◆ **Exercise**
Recreate the listing that follows line for line, without pictures.

◆ **Data provided**
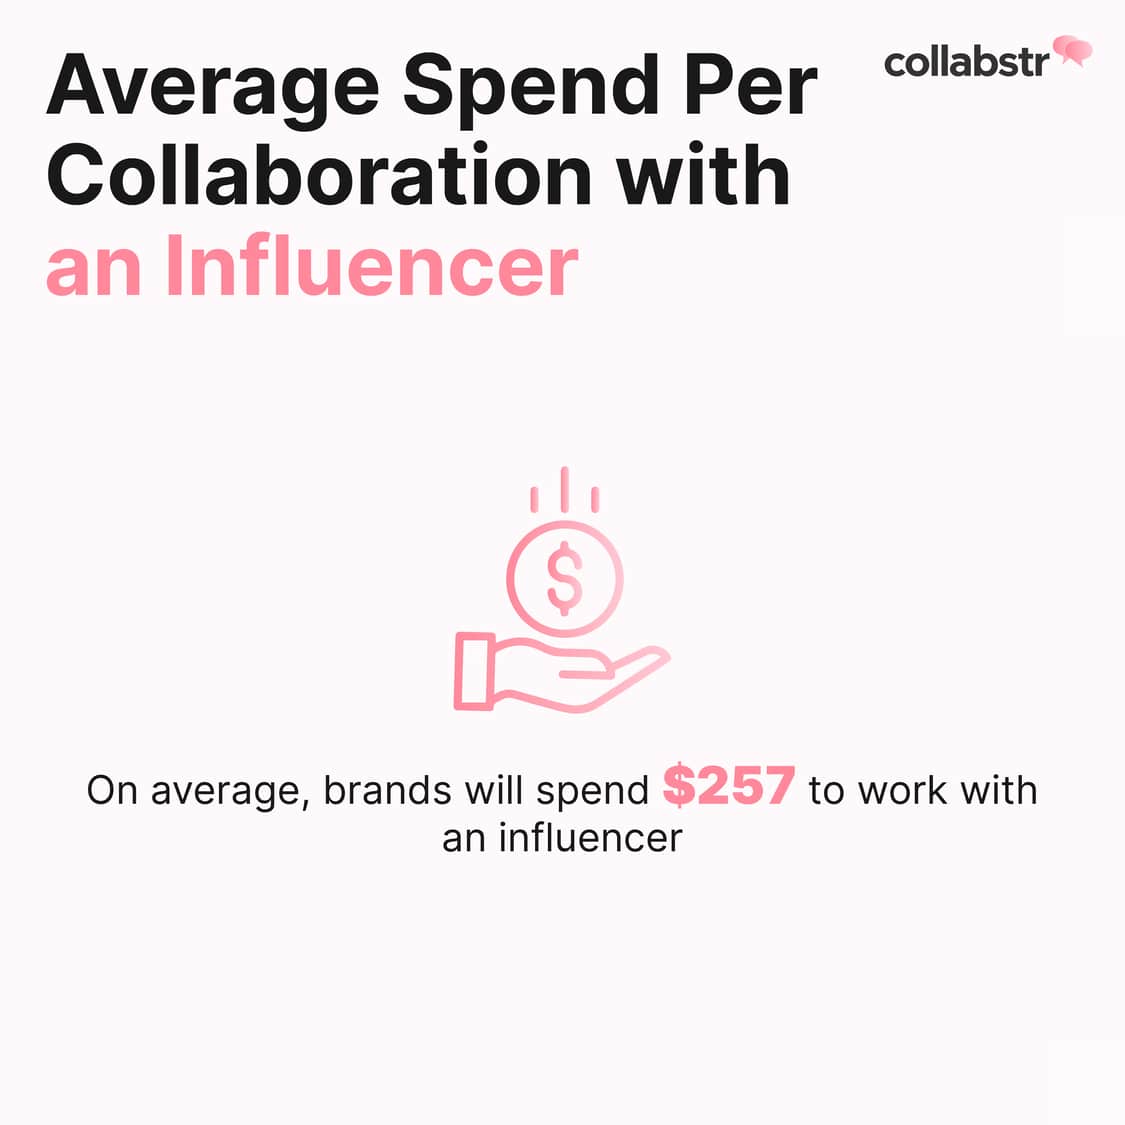 Brands spend $257 per influencer on average.
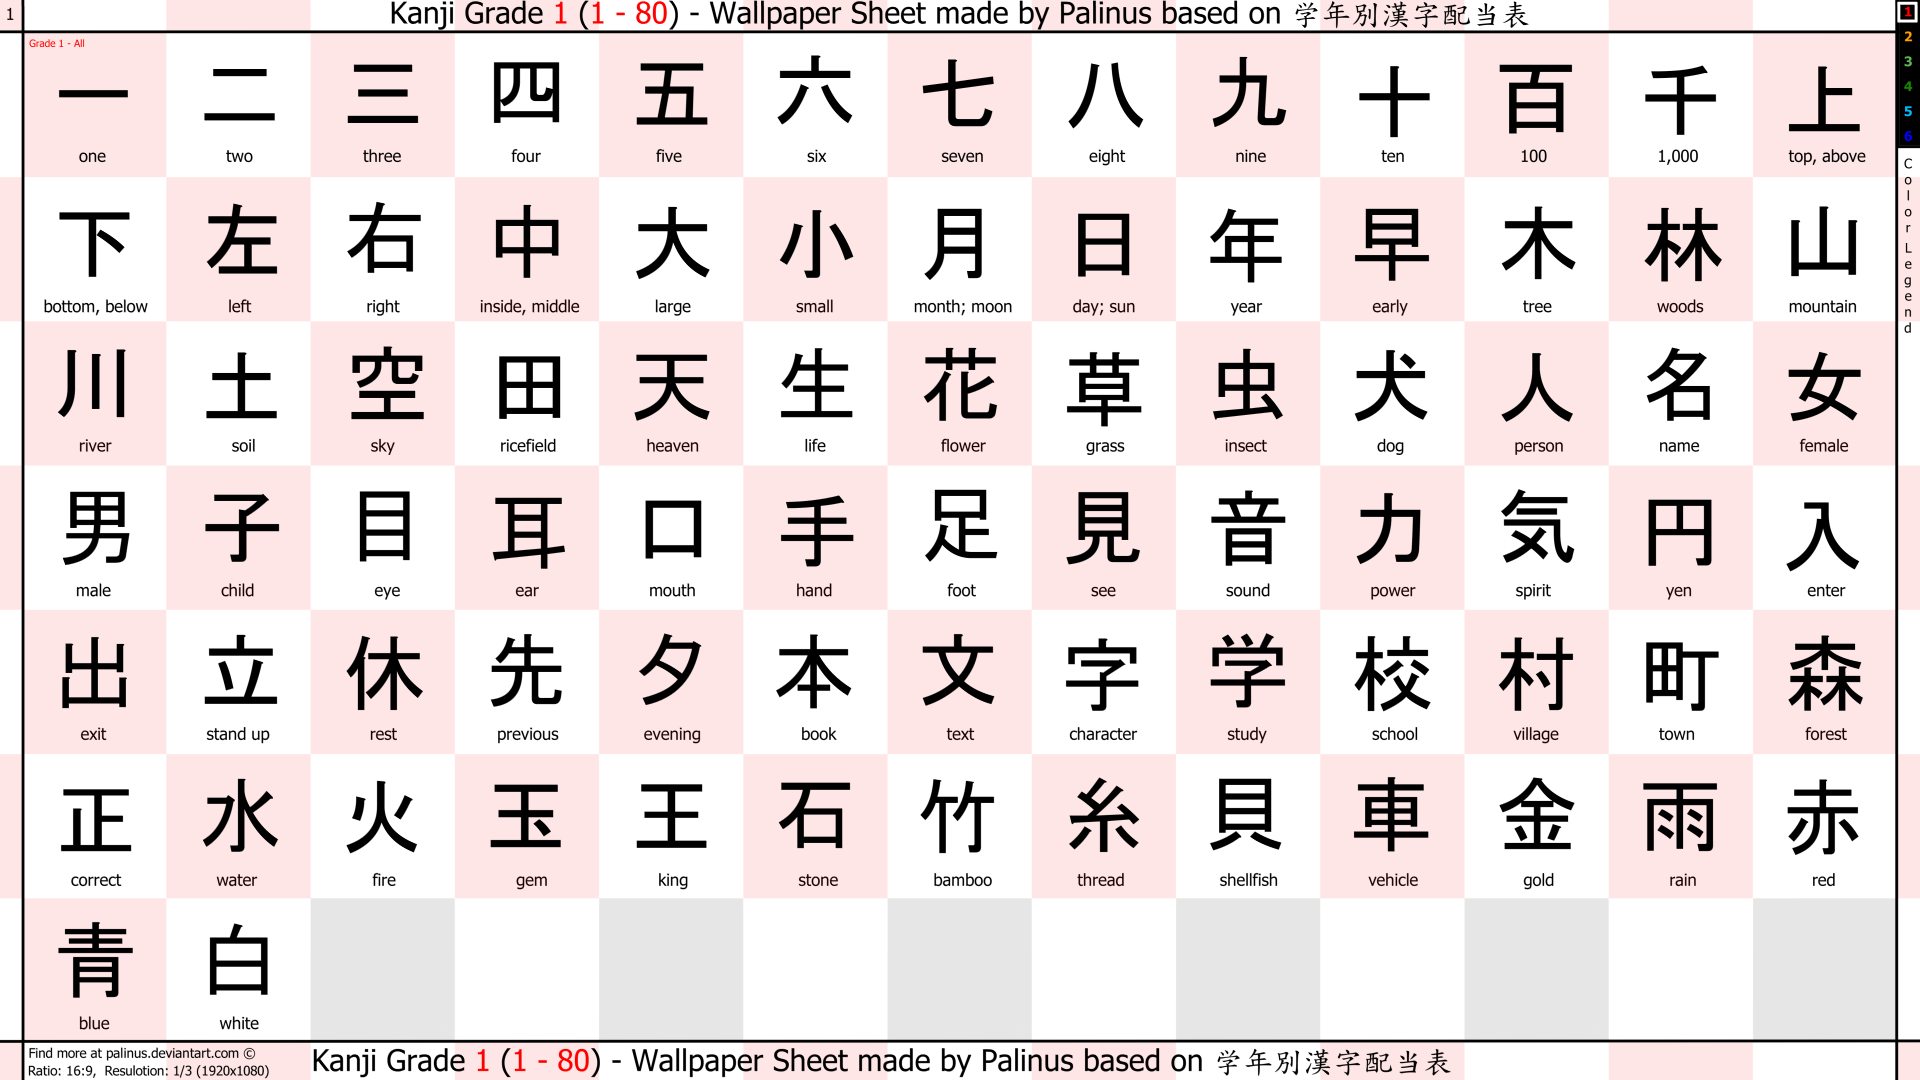 1 grade 80 kanji Grade by Wallpaper 1 Training on 1080p palinus Kanji
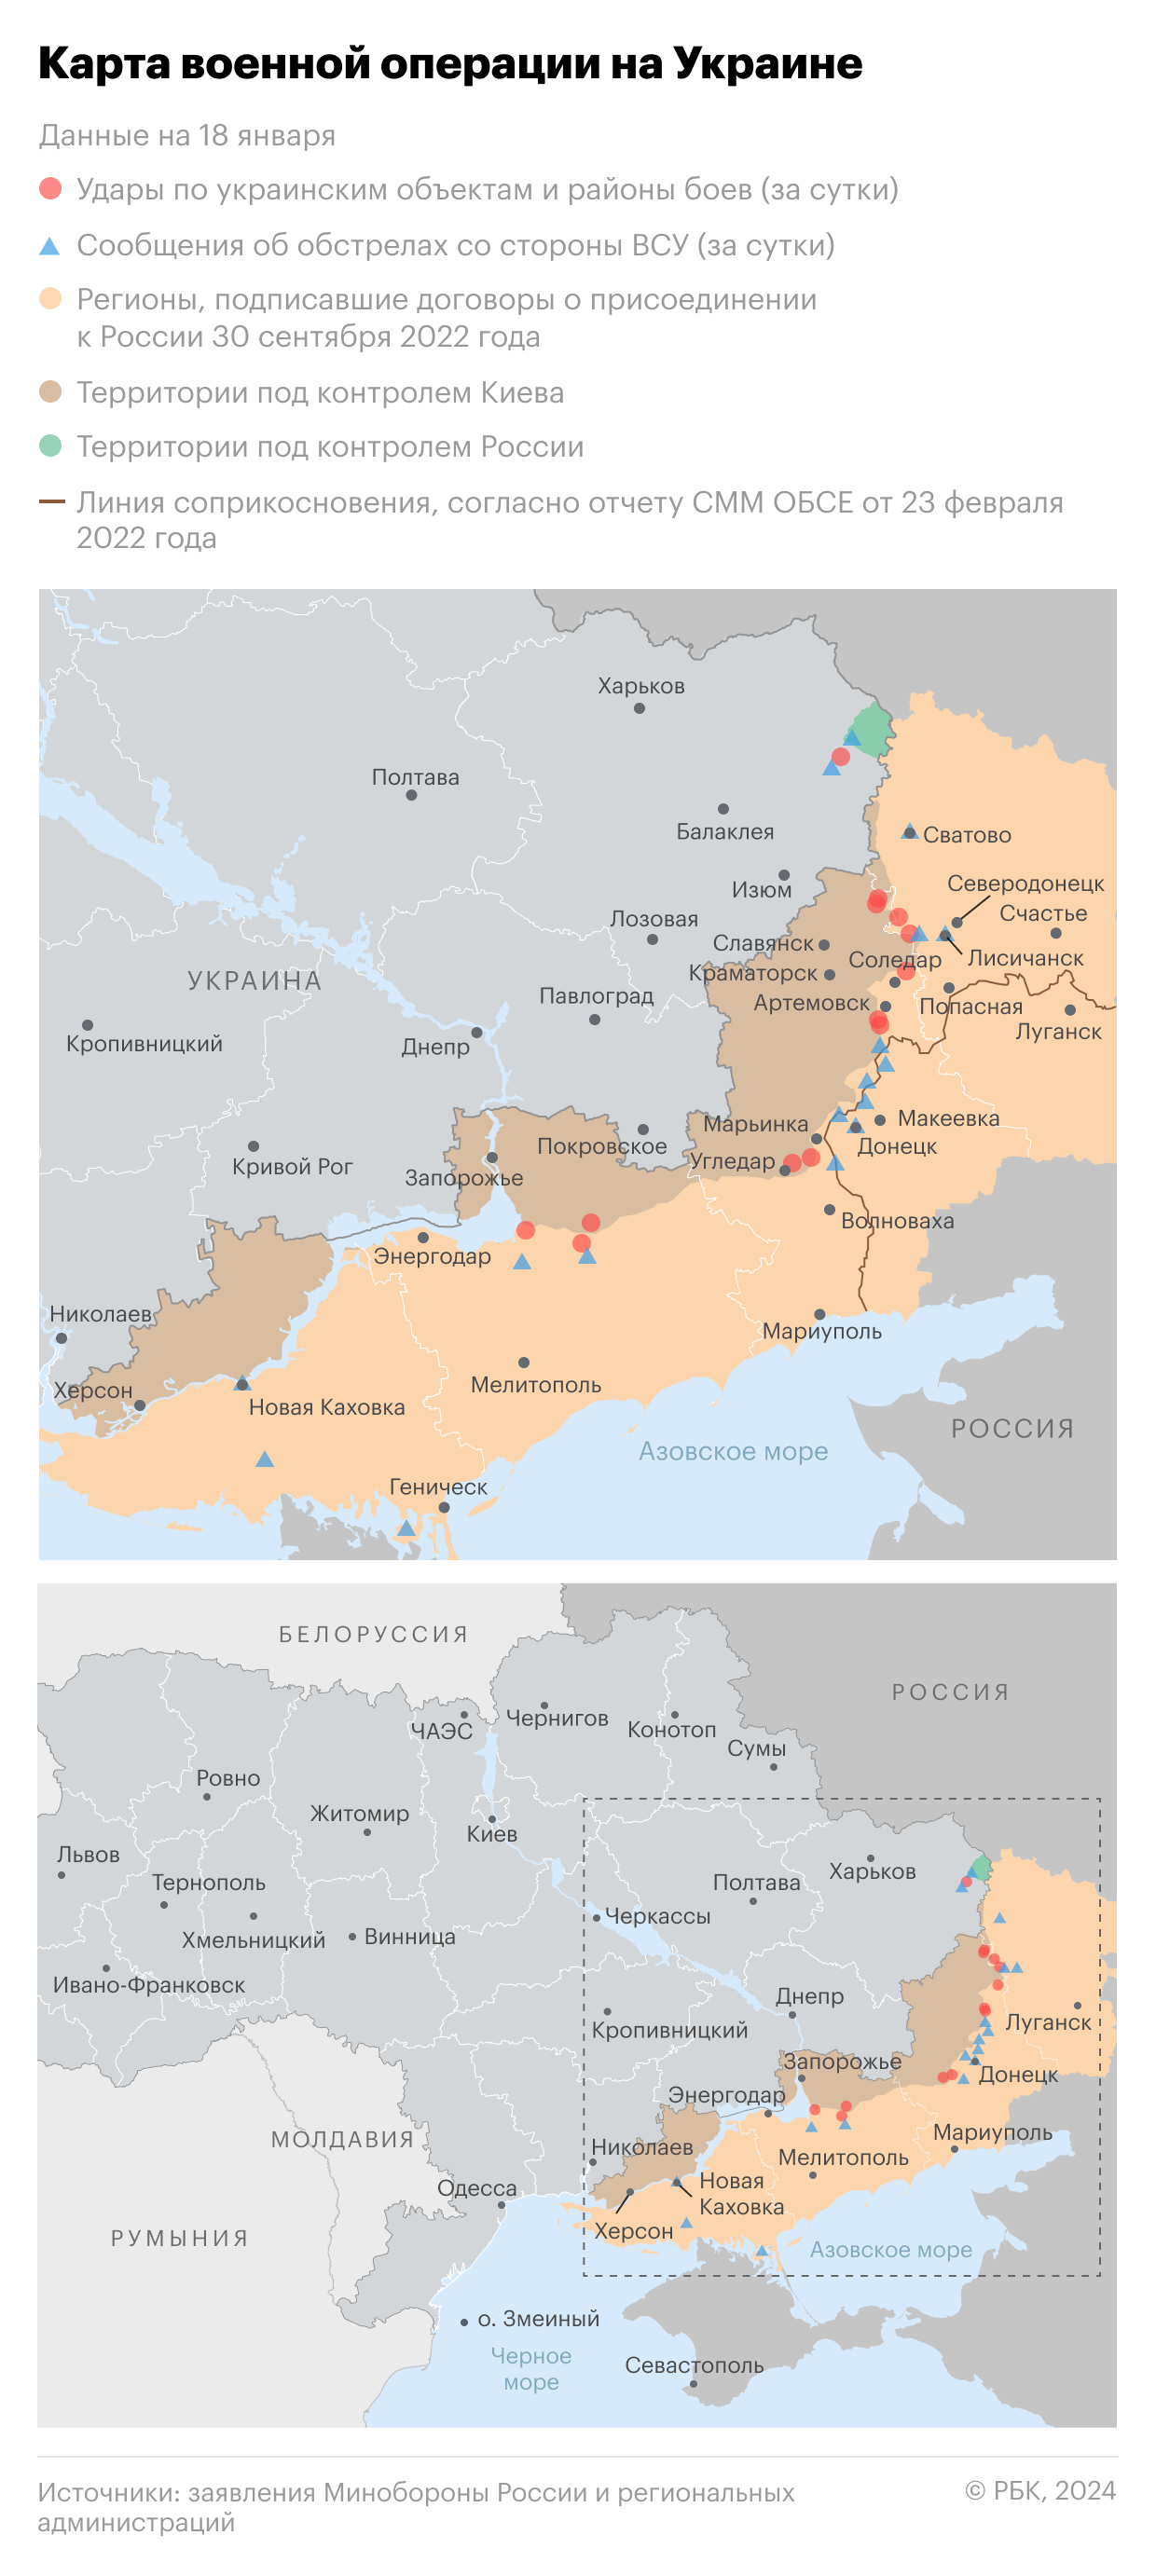 Военная операция на Украине. Карта на 18 января

◆ **Task result**
 Brands spend $257 per influencer on average.
 1 grade 80 kanji Grade by Wallpaper 1 Training on 1080p palinus Kanji
 Военная операция на Украине. Карта на 18 января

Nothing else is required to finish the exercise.